Docker Nginx Web Server - file sharing/copying & Dockerfile
This will be a very brief tutorial on Docker: we'll take a "nginx" docker image and build a simple web server on Docker container. In that process, we can get a quick taste of how Docker is working.
We'll learn:
- How to get an official image.
- How to use the files on host machine from our container.
- How to copy the files from our host to the container.
- How to make our own image - in this tutorial, we'll make a Dockerfile with a page for render.

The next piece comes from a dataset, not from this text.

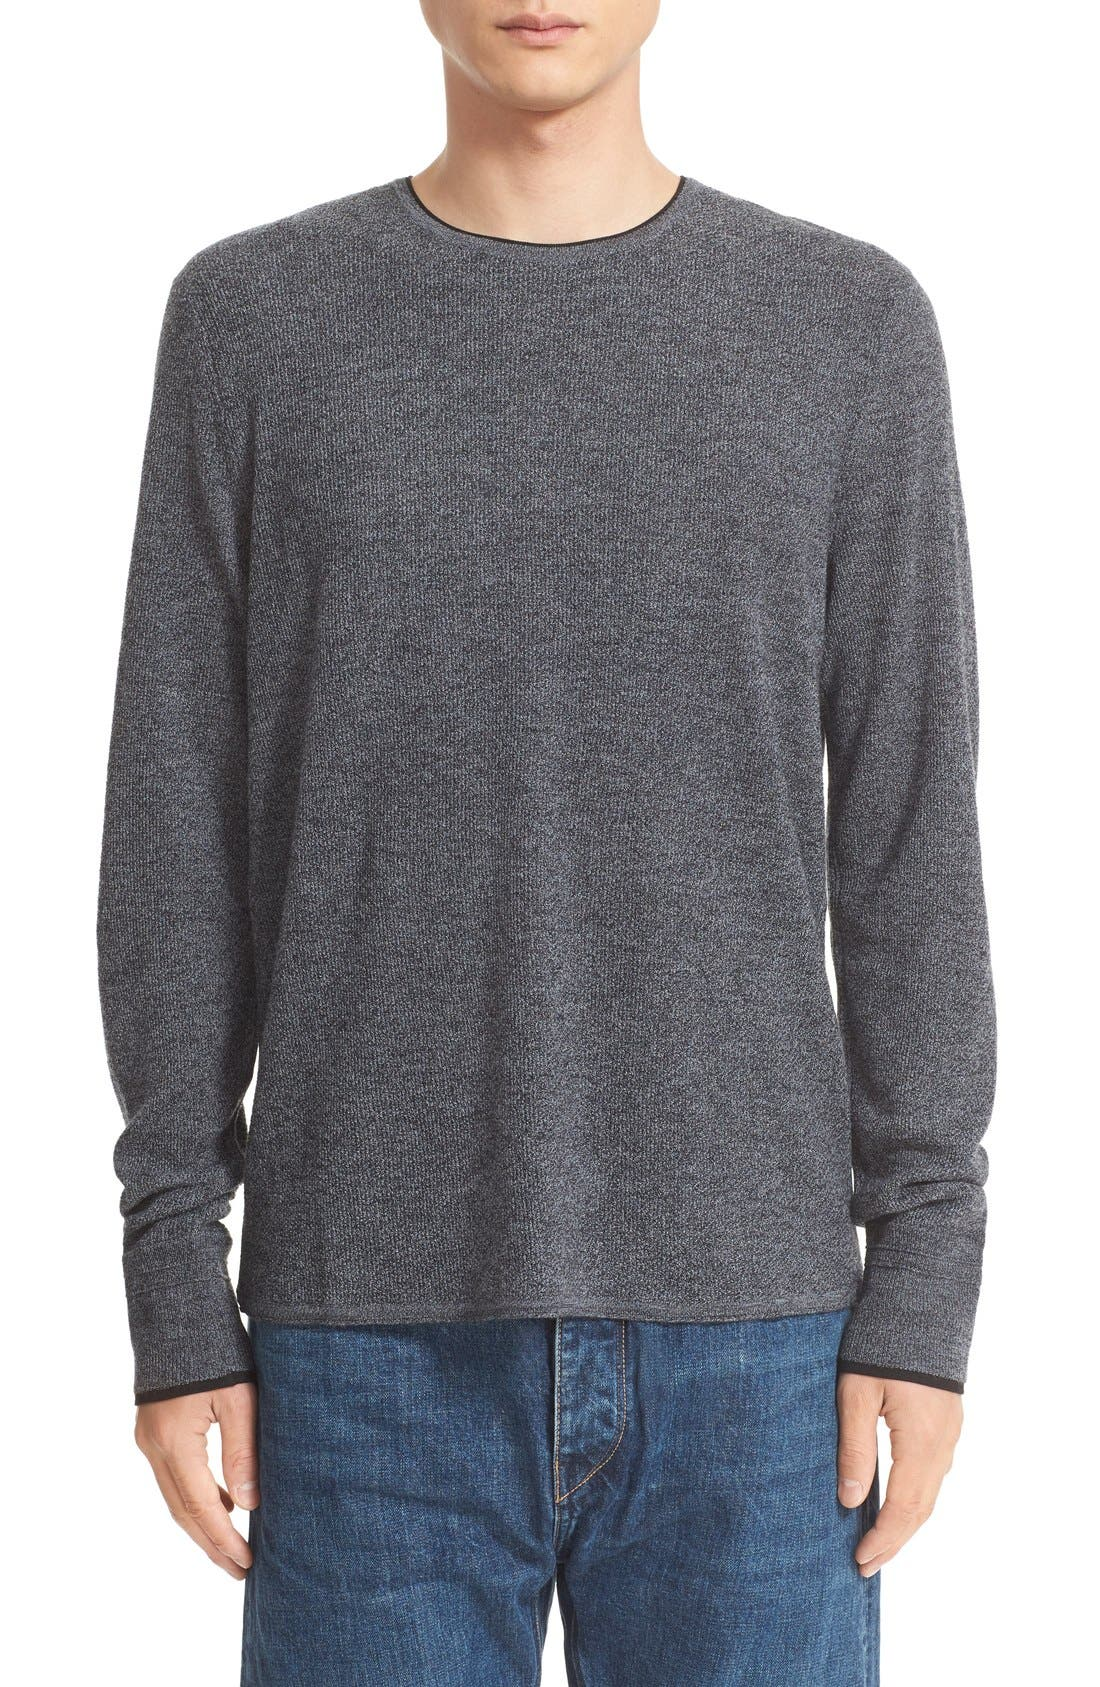 Main Image - rag & bone 'Giles' Lightweight Merino Wool Pullover

To create an instance of Nginx in a Docker container, we need to search for and pull the Nginx official image from Docker Hub. Use the following command to launch an instance of Nginx running in a container and using the default configuration:
$ docker container run --name my-nginx-1 -P -d nginx f0cea39a8bc38b38613a3a4abe948d0d1b055eefe86d026a56c783cfe0141610
The command creates a container named "my-nginx-1" based on the Nginx image and runs it in "detached" mode, meaning the container is started and stays running until stopped but does not listen to the command line. We will talk about this later how to interact with the container.
The Nginx image exposes ports 80 and 443 in the container and the -P option tells Docker to map those ports to ports on the Docker host that are randomly selected from the range between 49153 and 65535.
We do this because if we create multiple Nginx containers on the same Docker host, we may induce conflicts on ports 80 and 443. The port mappings are dynamic and are set each time the container is started or restarted.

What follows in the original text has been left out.